クリップボードを抱いてこちらを睨むベルベットの頭上、スカイブルーを基調として同系色のドットを散らした低視認迷彩。その機首の側面にある、パイロット名の表示を無言で見詰める。
「じゃっ……げる、なうと?」
「――ッ!」
初見の単語を読み上げる、間の抜けた片言とそれに相応しいニコルの顔に、それまで眉ひとつ動かさずにいたアマンダが思わず噴き出した。
「Juggernaut――ジャガーノートと読むんだ」
「何だそれは?」
「勘弁しろよ相棒。知らなかったか? それがオレの正式名称だ」
その言葉の意味するところは、抑止不能の圧倒的な破壊力――ジャグの説明を聞いて、ポカンとしていたニコルが吹き出した。
「水筒だからジャグなのかと思ったが、そんな御大層な名前だったとはな」
「ちょっと、馬鹿にしてませんか!?」
「馬鹿にはしてない。だが『圧倒的破壊力』とは大きく出たと思ってな」
「大袈裟かどうかは、じきにわかるさ」
そこで、唐突にサイレンが鳴った。
「当基地に接近する敵機を確認。機数は五、長距離タイプの偵察型UAVと思われる」
その場の全員が、命令を求めて司令官を見た。
「新型機の肩慣らしには丁度いい。そうだろ?」
「相手としては不足だが、贅沢は言わねえよ」
ニコルの軽口にジャグが乗ると、一人と一機に向かってエグゼールが軽く頷く。
「良かろう。バンクロイドおよびジャグは直ちに発進。敵の偵察を阻止しろ」
格納庫から伸びたチューブが機体に接続される。コンプレッサーが始動すると、新たなジャグの機体“ハリケーンアイズ”のエンジンが唸りを上げる。
「まわせー!」
ニコルの合図を受けて、彼の新たな愛機となったストームチェイサーに火が入る。機銃に繋がれたベルトが猛烈な勢いで弾丸の列を送り込み、装着されたミサイルの安全タグが外される。
装具を身に付けたニコルが微かにオゾン臭のするコックピットに乗り込む頃には、僚機は一足先に誘導路を進んでいた。
《せっかちだな。慣らしで新しいオモチャを壊すなよ》
《流石だね。自分からミサイルに突っ込むお方の言葉は重みが違う》
《空戦よりも皮肉の方が達者だな》
《お陰さまで》
管制塔からの離陸許可を受けるや否や、ニコルとジャグが走り始める。
シートに身体が押し付けられる。脚が地面を離れる速さがバラクーダとは段違いに早い。浮いた直後に操縦桿を横に倒せば、くるりと横にロールする反応の小気味良さに、ニコルは「いいね」と呟いた。
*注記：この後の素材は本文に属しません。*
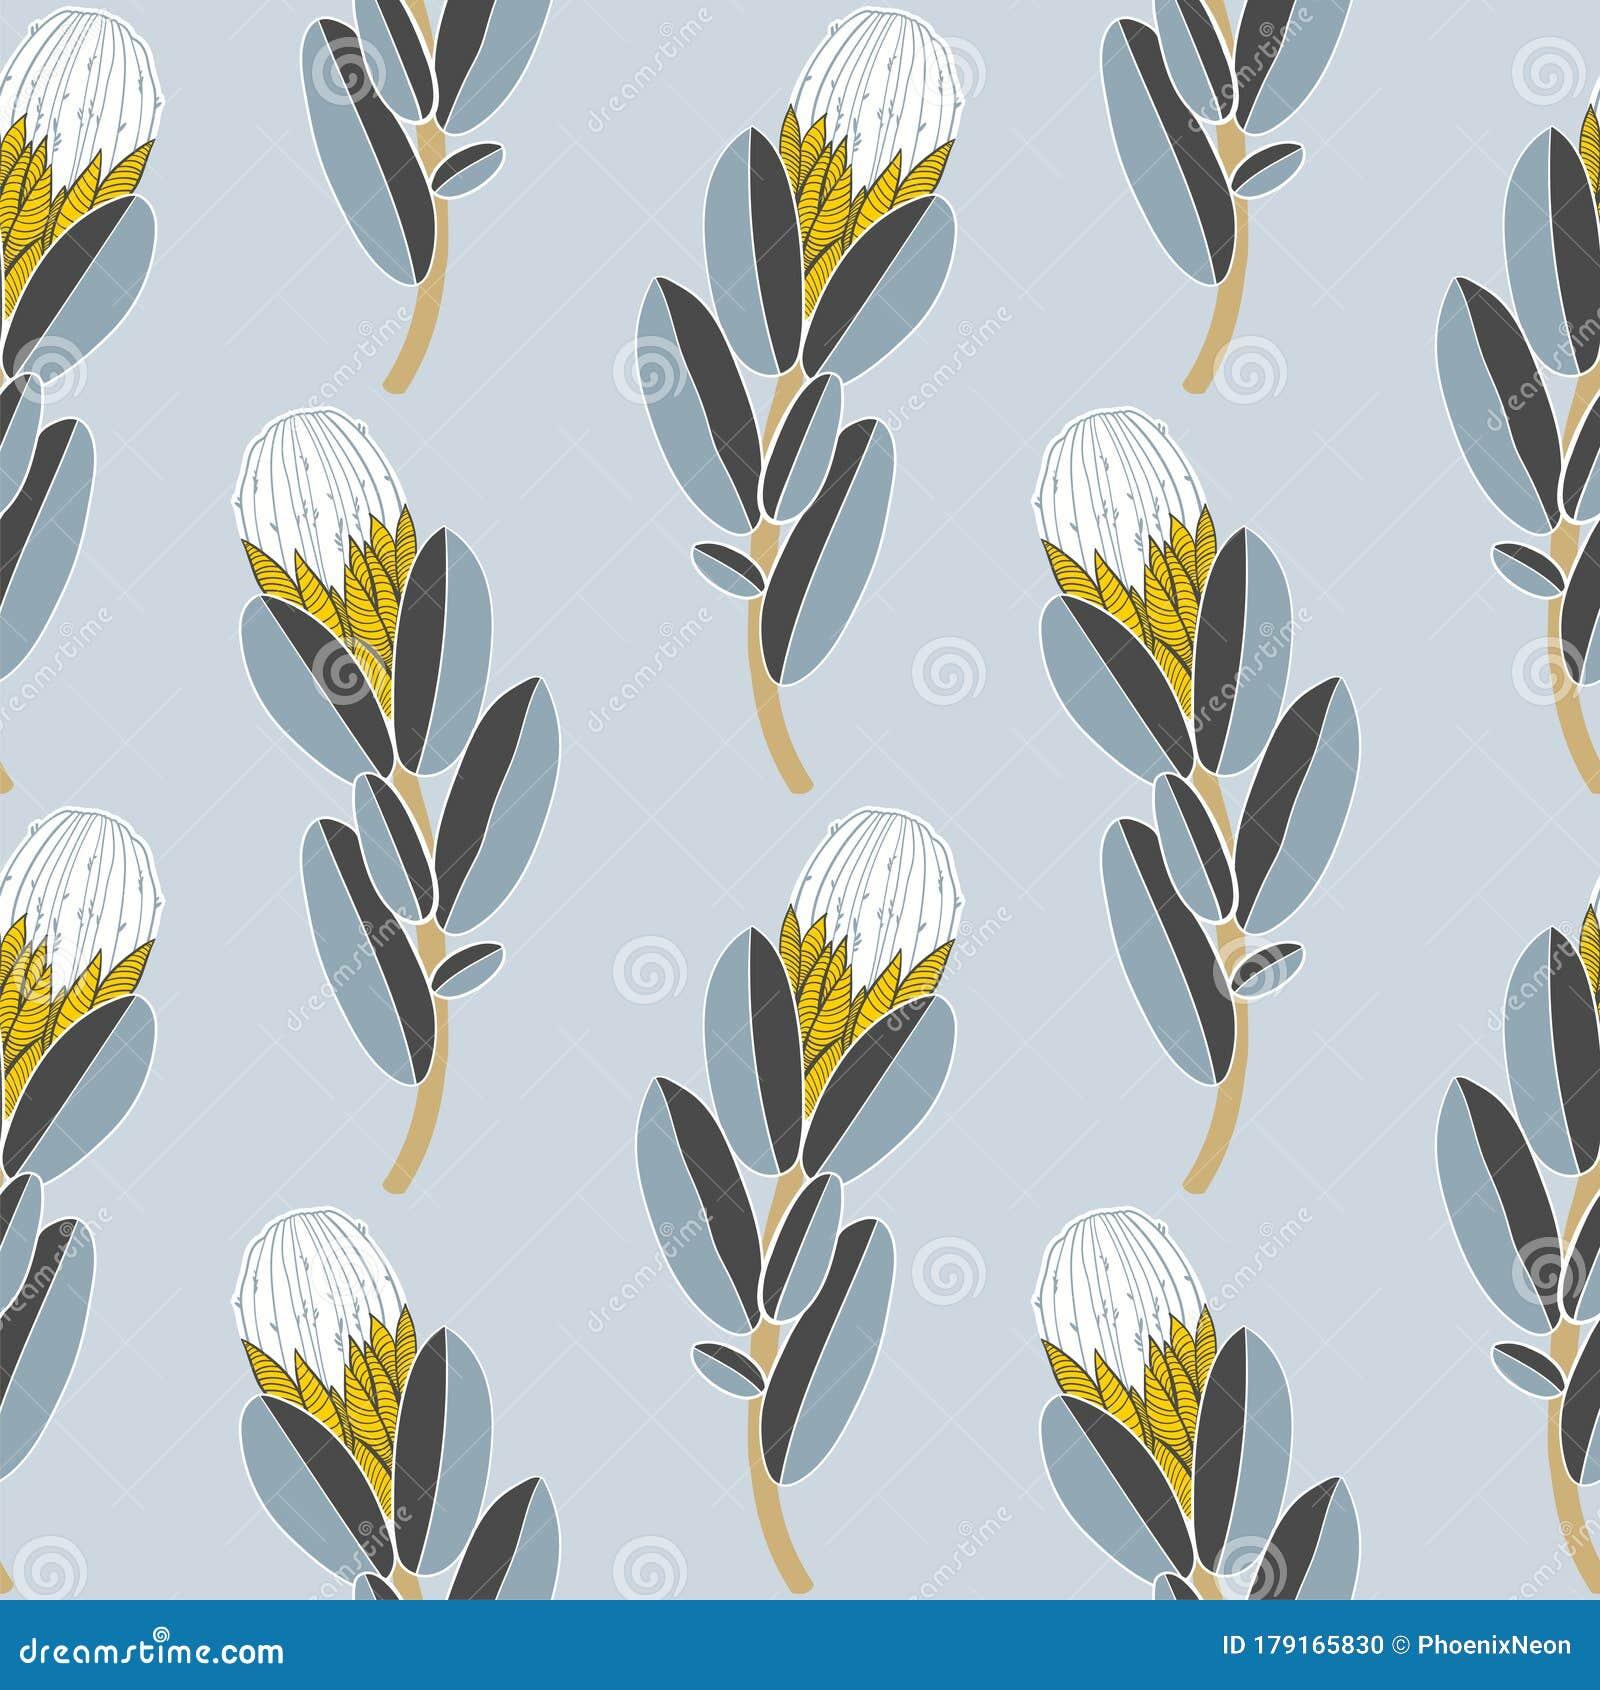 Protea Or Sugarbush Flower Seamless Pattern Exotic Vintage Minimalism Aesthetic Retro Background Stock Vector Illustration Of Geometric Background 179165830

「さあ、我々も準備に取り掛かるとしよう。敵は間もなくやってくるぞ」
喜び勇んで飛び立っていく二機を見送ると、エグゼールが号令を発した。
「全部隊は直ちに所定の行動準備にかかれ」
全員の敬礼にエグゼールが答礼すると、パイロットは格納庫へ走り、駐機場に鎮座するスカイ・ギャンビットは離陸の準備に取り掛かった。
明日は長い一日になる。傾き始めた太陽を見る兵士たちが一様に感じた予感は、外れる事は無さそうだった。